I Want to Know What Love Is: A Progressive Education Film Festival

By Brendan McCarthy

 
 

I want to know what love is. 

For some, this line is the title of a cheesy, power ballad from the 1980s by the band Foreigner. For me, the phrase and the song represent a simple, direct desire to understand one of the fundamental aspects of being human, love. I am interested in love songs. I am curious about their universality across almost every culture as a genre. Even if you are not one of the 493 million+ people who have listened to I Want to Know What Love Is on Spotify, it’s pretty difficult to argue against the importance of love. Certainly, when one lacks love, the pain of its absence can make life incredibly difficult. Alternately, if one loves something and has fun doing it, it’s a lot easier to do that thing…and, often, that love and fun we experience causes us to want to continue doing whatever it is. 

That was my simple starting point to think about what a school could be.
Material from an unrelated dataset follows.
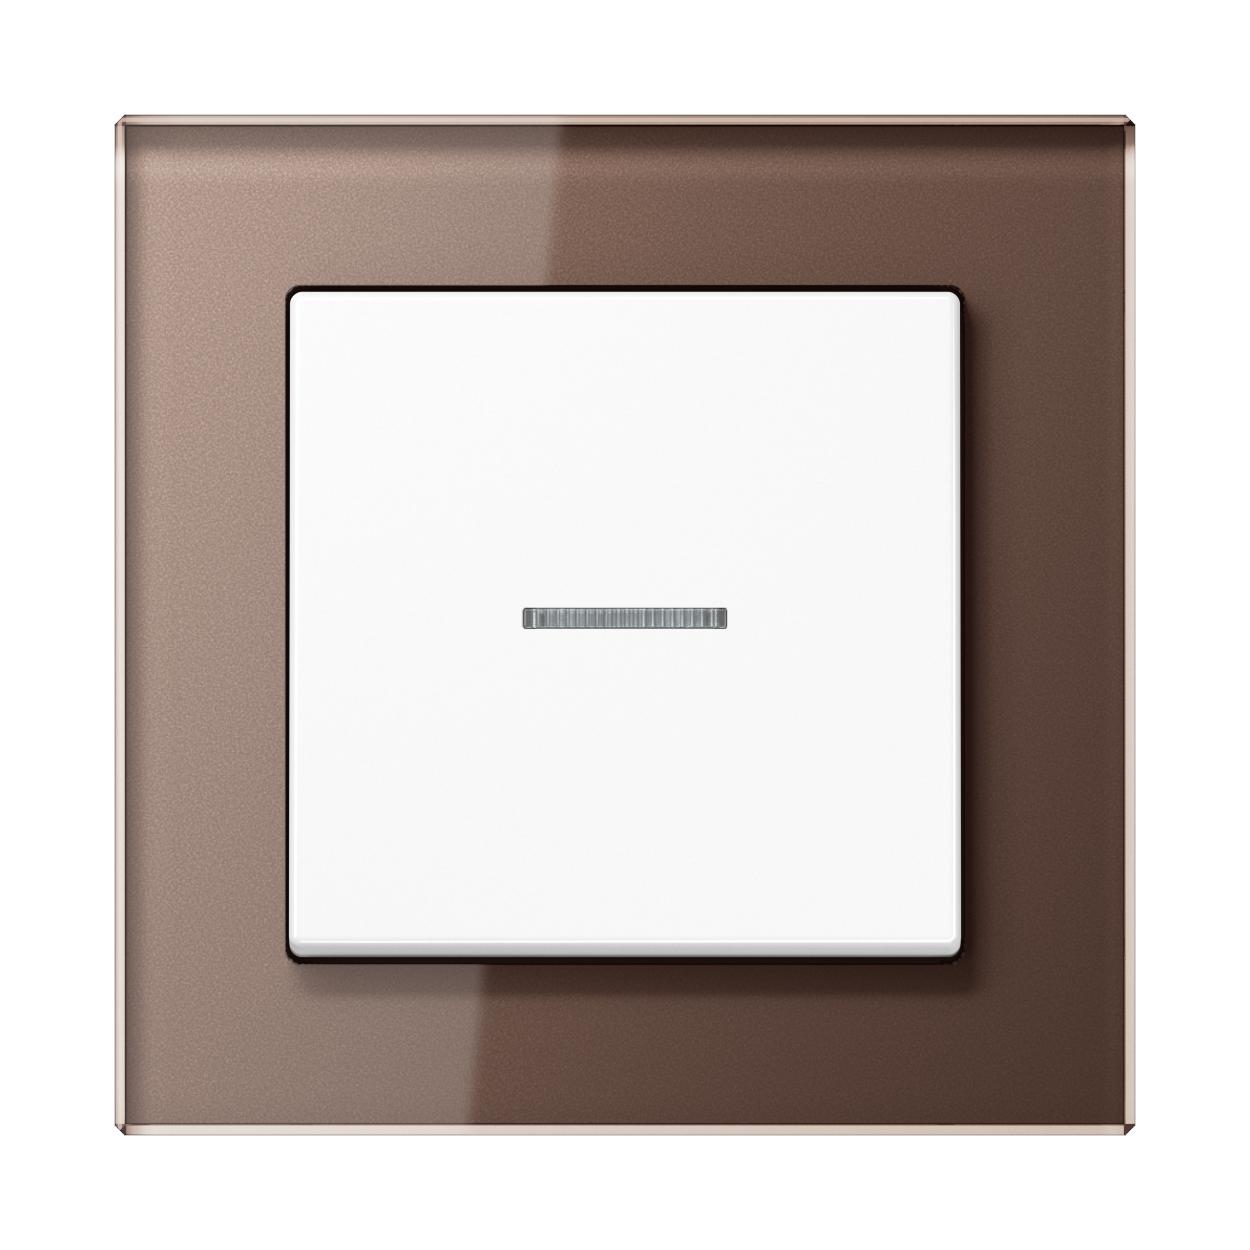 JUNG_AC_GL_mocha_switch-lense
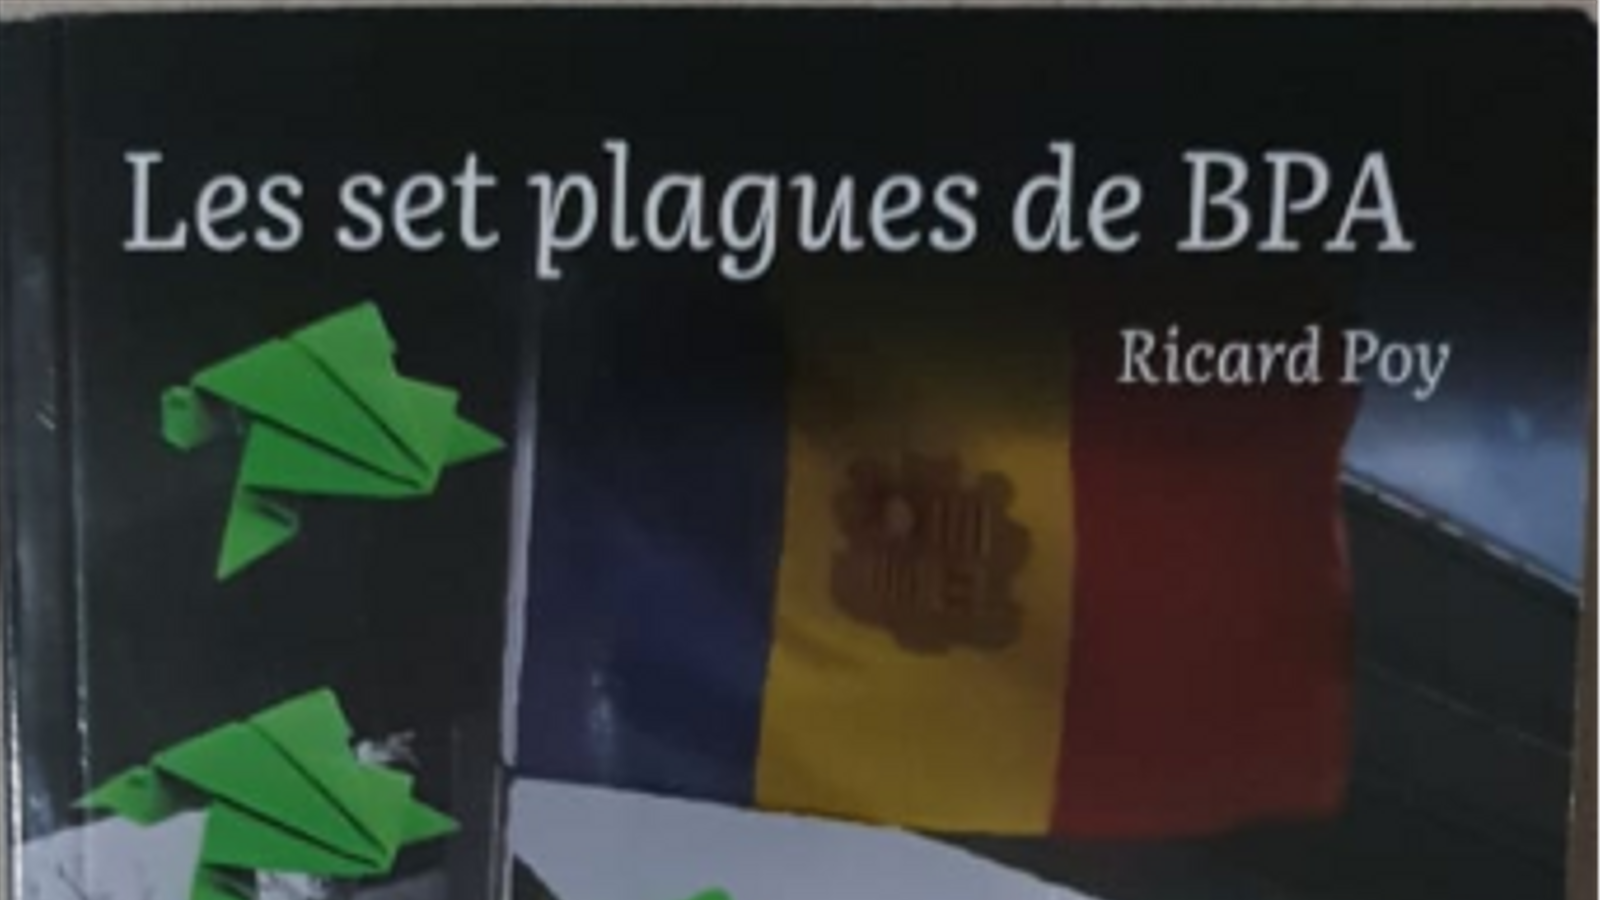 El periodista Ricard Poy presenta 'Les set plagues de BPA'

As an educator, I have tried to focus on designing pedagogy, classes and curricula around questions of love: Who do you love? What community do you love? What are the key issues facing the people and communities you love? What do you love to do? In my research as a member of the Progressive Philosophy and Pedagogy graduate program at the University of Hawaiʻi at Mānoa, the incredible faculty team–Dr. Amber Strong Makaiau, Dr. Chad Miller, Dr. Ben Lukey, Dr. Toby Yos, Dr. Keith Cross, Dr. Summer Maunakea and Dr. Thomas Jackson– have encouraged me to wonder deeply about the impact of love on our ability to learn. I have been exploring questions like, what is the effect of love on our brains? If a student experiences love in school in some way, could even the most traditional, objective academic subjects, like mathematics, be easier for that student to learn? (I don’t think I have met anyone who does not have a horror story about math. Feels like math, in particular, could use some love.) I started dreaming about creating courses that take traditional academic subjects and inject them with an absurd amount of love, like the Love in the Time of Mathematics or Philosophy for Lovers (I know that second one is a bit redundant). This line of inquiry eventually led me to ask the question, what would happen if we created an entire school that was completely based on love? 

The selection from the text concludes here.